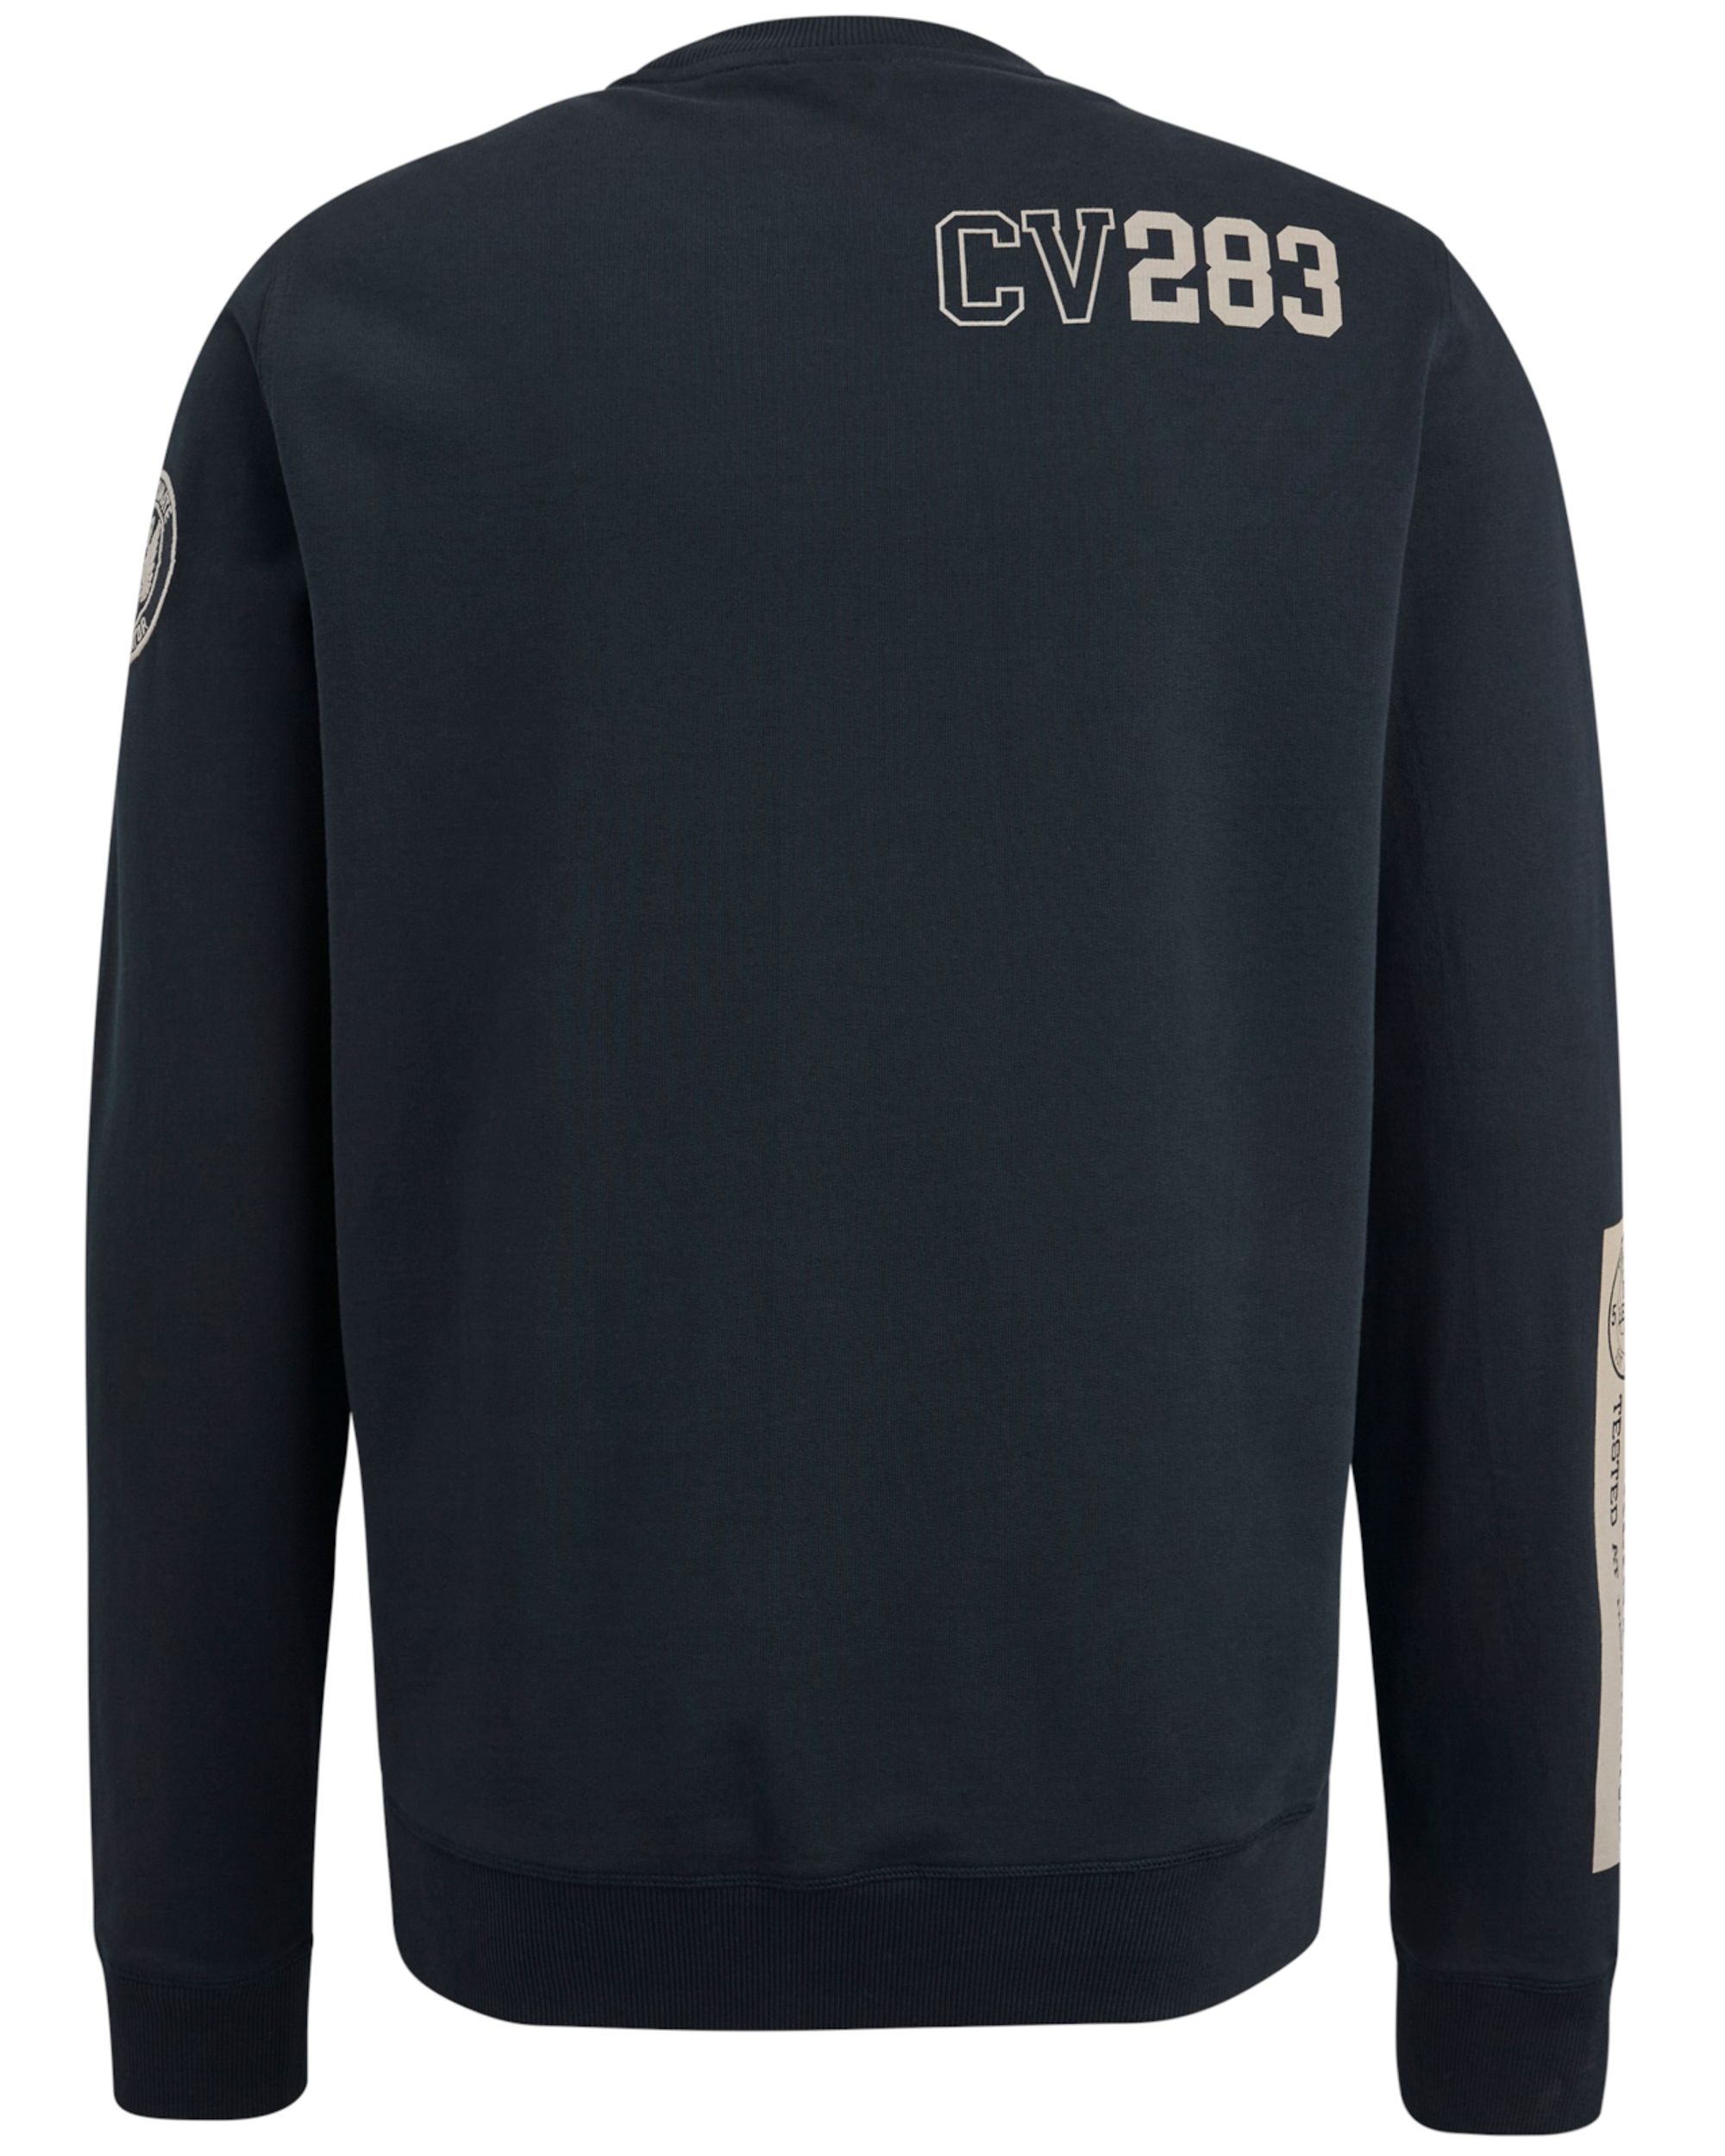 PME Legend Sweater Blauw 094852-001-L
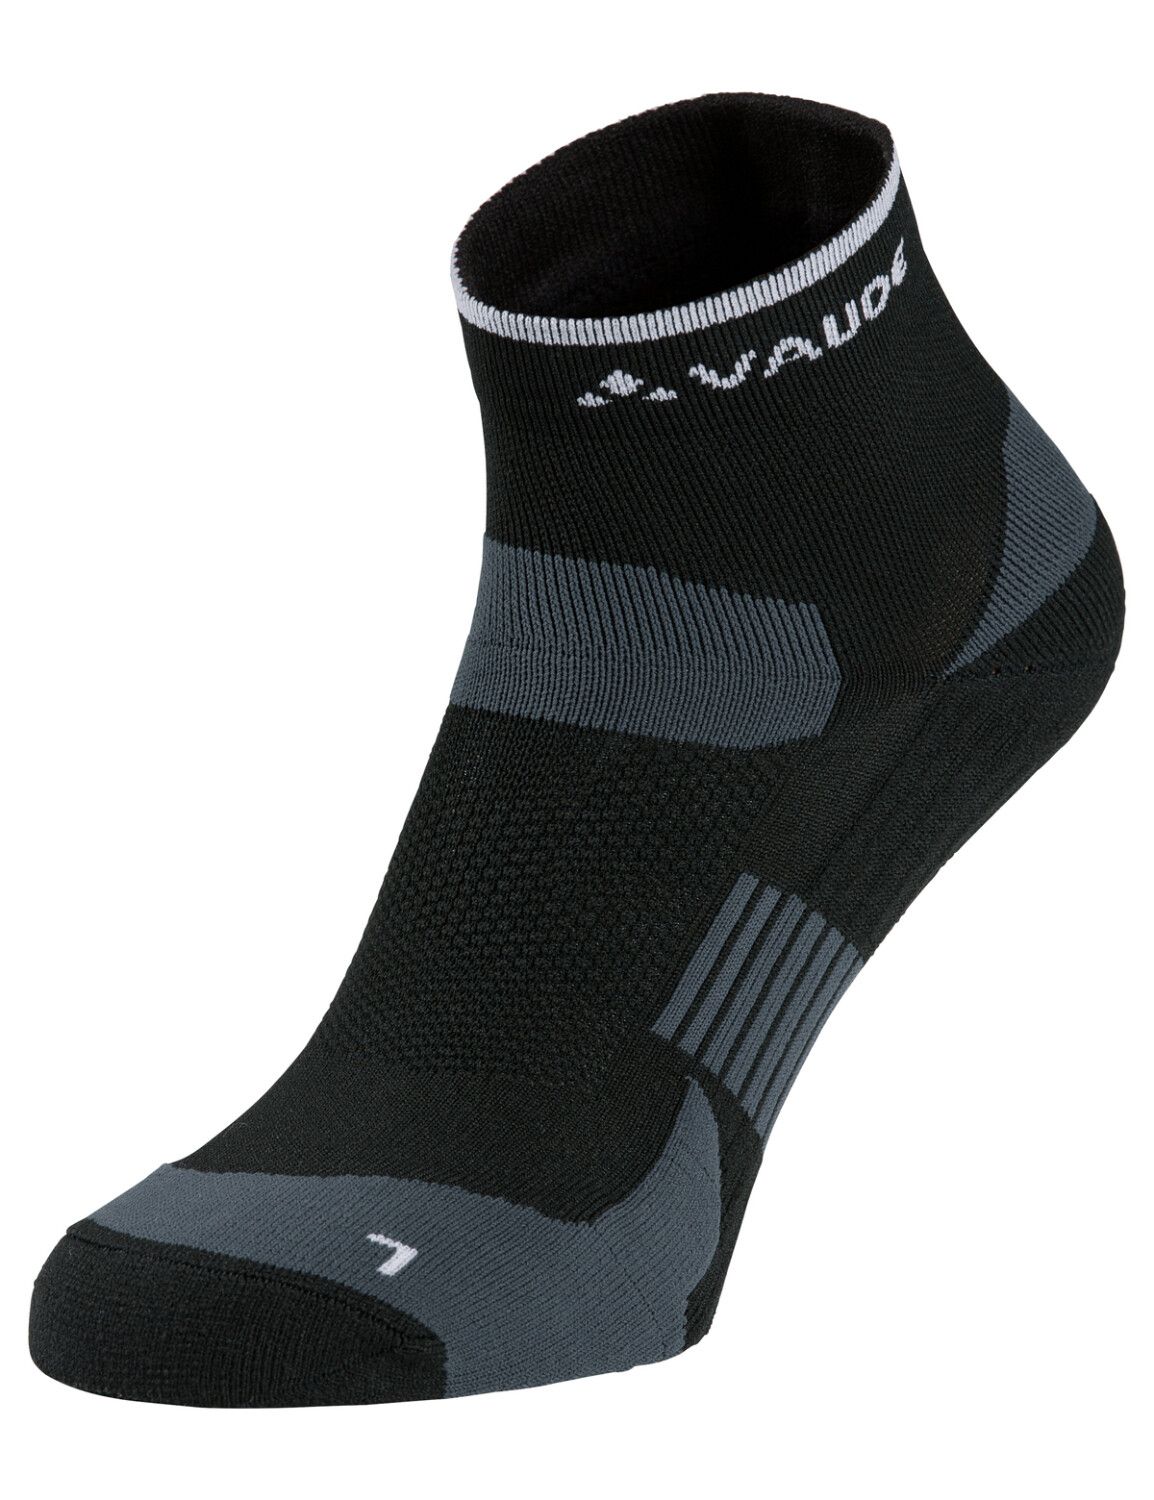 VAUDE Bike Socks Short (Bild 8)
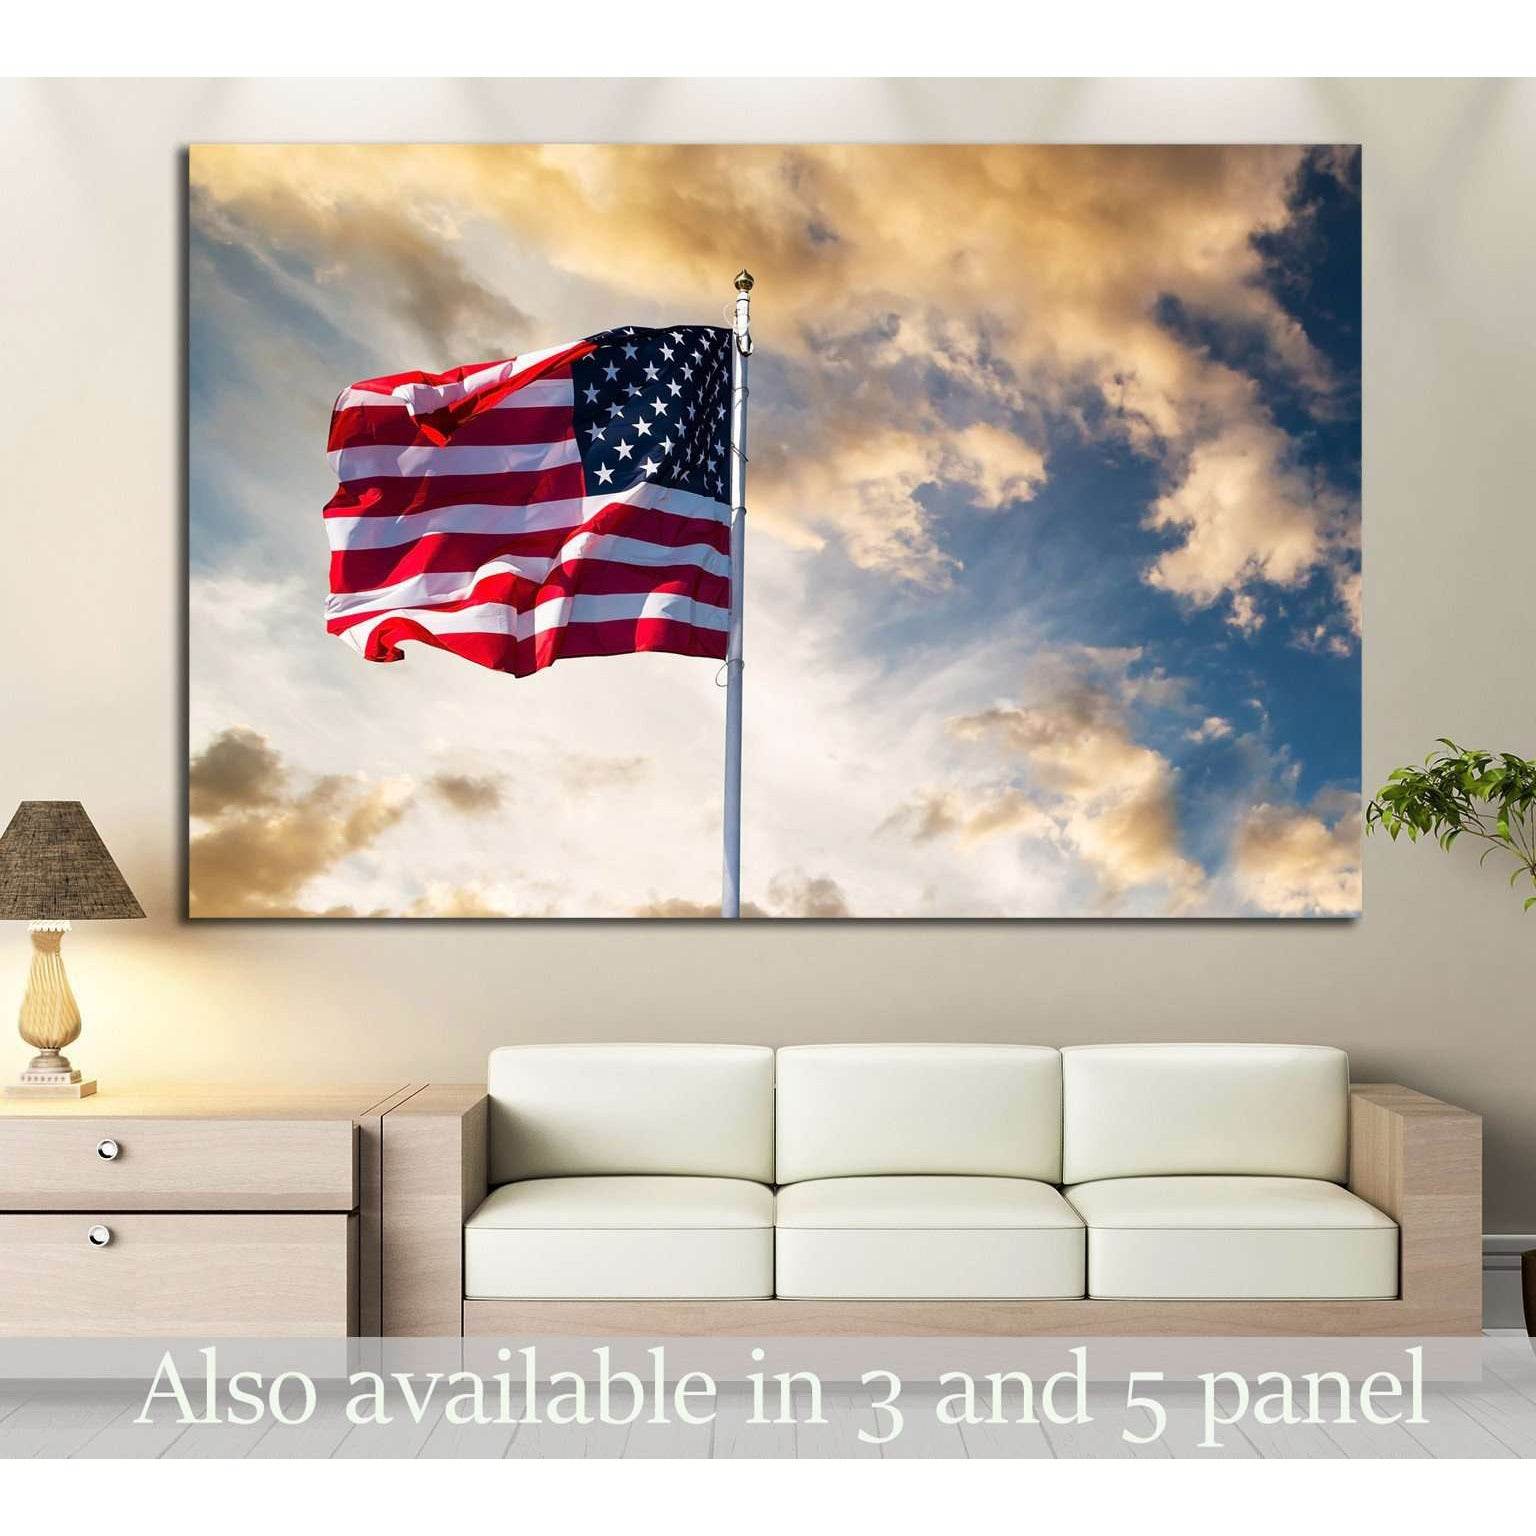 American flag waving №1295 - canvas print wall art by Zellart

- _PROBLEM TO SOLVE_: Return the listing above in full and without alteration, excluding its pictures.

- _EXPECTED ANSWER_:
 PME Legend Sweater Blauw 094852-001-L
 VAUDE Bike Socks Short (Bild 8)
 American flag waving №1295 - canvas print wall art by Zellart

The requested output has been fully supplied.